A few months after the trial of the November 13 attacks, French cinema seized on this highly flammable subject. After the modesty of Alice Winocour in Revoir Paris, place to the nervous tension of Cédric Jimenez for November. As usual, the filmmaker ignores all emotion and subtlety in the service of an absolute: efficiency.
November: a tense thriller, but depoliticized to the extreme
Since the turmoil caused by Bac Nord, Cédric Jimenez is like a tightrope walker on his line. Tossed around according to the controversies, the filmmaker continues his path on a winding path, dedicating his art to the sacrosanct tension of the nervous thriller, a subgenre that has elevated him to the rank of director now awaited. With November, a film about the Paris attacks of autumn 2015, we can recognize the hothead character of Jimenez, not really afraid of what seems to be the most delicate social subject in France for many years.

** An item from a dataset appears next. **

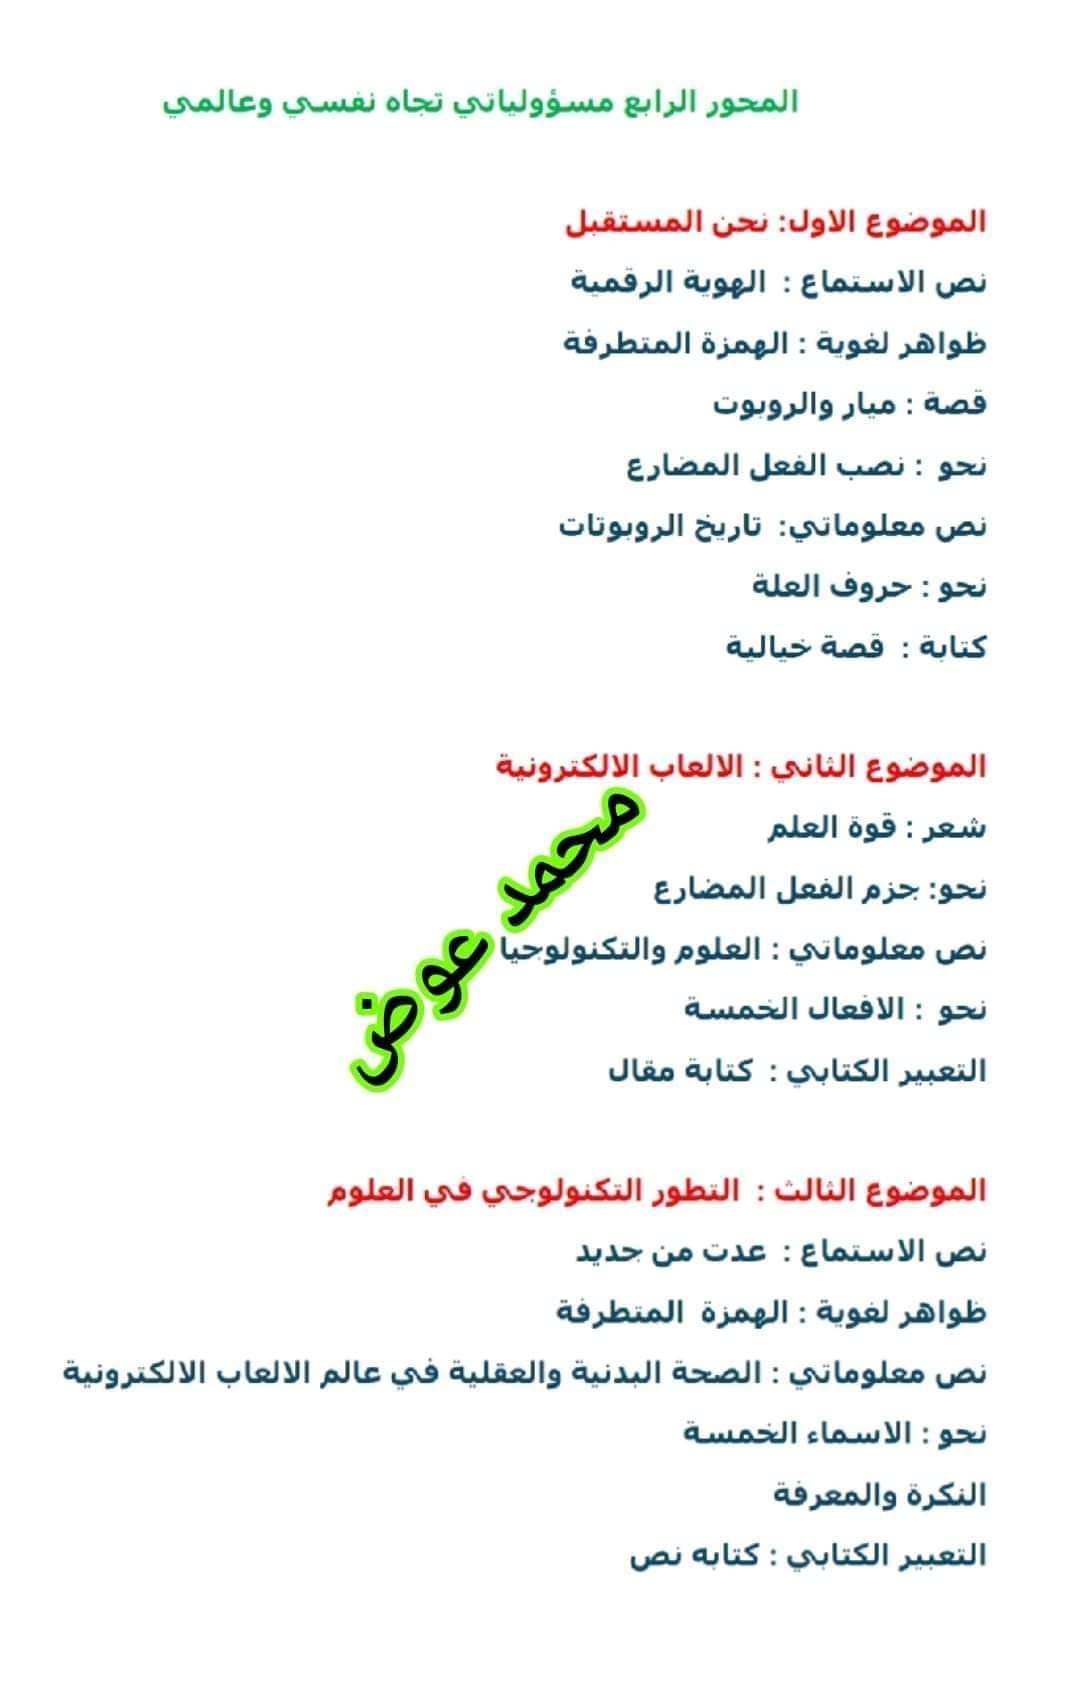 دروس اللغة العربية المقررة للصف السادس الابتدائي الترم الثاني

In this thriller without any real main protagonist, the viewer immerses himself in the anti-terrorist brigade that tracked down the terrorists of November 13, until the confrontation with Abdelhamid Abaaoud in an apartment in Saint-Denis, five days later. A fantasized and tense dive into a moment when the heart of Paris and France has stopped beating. All the ingredients of Cédric Jimenez's cinema are present. From the overarchetypal nature of the protagonists, to the formidable efficiency of the staging, the spectator who has not missed La French or Bac Nord will not be in unfamiliar territory. However, the latter is undermined. It is impossible for the filmmaker to approach the issue of Islamist attacks too head-on, not daring to show images of terrorists in full act, or even images of damage, victims, suffering. Through nervousness, his paradigmatic obsession as a director, Jimenez is only interested in the fluidity of the story, evading both sensitive testimonies and the most subversive situations.
Hide this humanity I cannot see
This question from the distanced point of view, which will be qualified as appropriate by most, especially by the victims themselves (moreover not really solicited upstream, nor shown in the work), raises many questions, both ethical and artistic. Should we already deal with the question of November 13 in cinema? So how? In the dark rooms, two visions are confronting each other at this moment. The humanist and modest one of Alice Winocour in Revoir Paris, dealing with the trauma of a woman (Virginie Efira) and a man (Benoit Magimel) victims of the attack on the terraces, and the quasi-clinical one of Cédric Jimenez. Unlike its female counterpart, the Marseille director plays the card of complete dehumanization. Because little or nothing characterizes the characters of this story, comparable to puppets whose threads seem to be controlled by the forces of fate. A strong (or lazy) choice, reflecting the obligation to erase the rescue and investigation services, propelled symbolic "heroes" of the story, caught in an infernal whirlwind that they never thought they would have to face. But it is also a handicap for history, nothing really attaching us to its figures and intrinsically, to this history, except by its brutality.
Committed actors
If questioning the morality of the work is no more relevant than the choice of the director itself, the problem of impact is obvious. Because to want to depoliticize such a hot subject to such an extent, to dispossess the bodies of their souls, the shock that November should cause is greatly diminished. So much so that in his complacent rectitude, Jimenez plays with our nerves with artifices of editing, sound mixing favoring the immersive character. Without ever asking even the slightest social question to its viewer, he levels his new film, certainly of good quality, to a gruff entertainment quite captivating. This is the most disturbing posture of his cinema, because by absolving himself of any political commitment, Cédric Jimenez distills a disturbing ambiguity that makes one uncomfortable. And this, despite all the qualities inherent in his style. Because November remains, like Bac Nord last year, a roller coaster where heart palpitations are felt more than once. Thanks to a rather remarkable art of sequencing, the filmmaker proves from film to film his ability to build memorable passages by their technicality. It is clear that this famous design of efficiency, so praised by Jimenez, is once again accomplished. Nervous from start to finish, Novembre also benefits from committed actors, Jean Dujardin and Anaïs Demoustier in the lead, and a feeling of magnitude quite commendable, especially in a French cinema sometimes relet go of the cavalry. A real entertainment therefore, by a talented formalist. Is it enough of petaradant effects and a frenzied rhythm to shock? It is on this rhetorical question that leaves us stunned November, which, by striving to touch on its complex subject, abandons any dramatic and political ambition. Between characters whose horror we know nothing about and a context whose horror we do not grasp, it is difficult to even envisage a cathartic look at one of the darkest pages of the France of the twenty-first century. The great film that would help heal the gaping wounds will wait.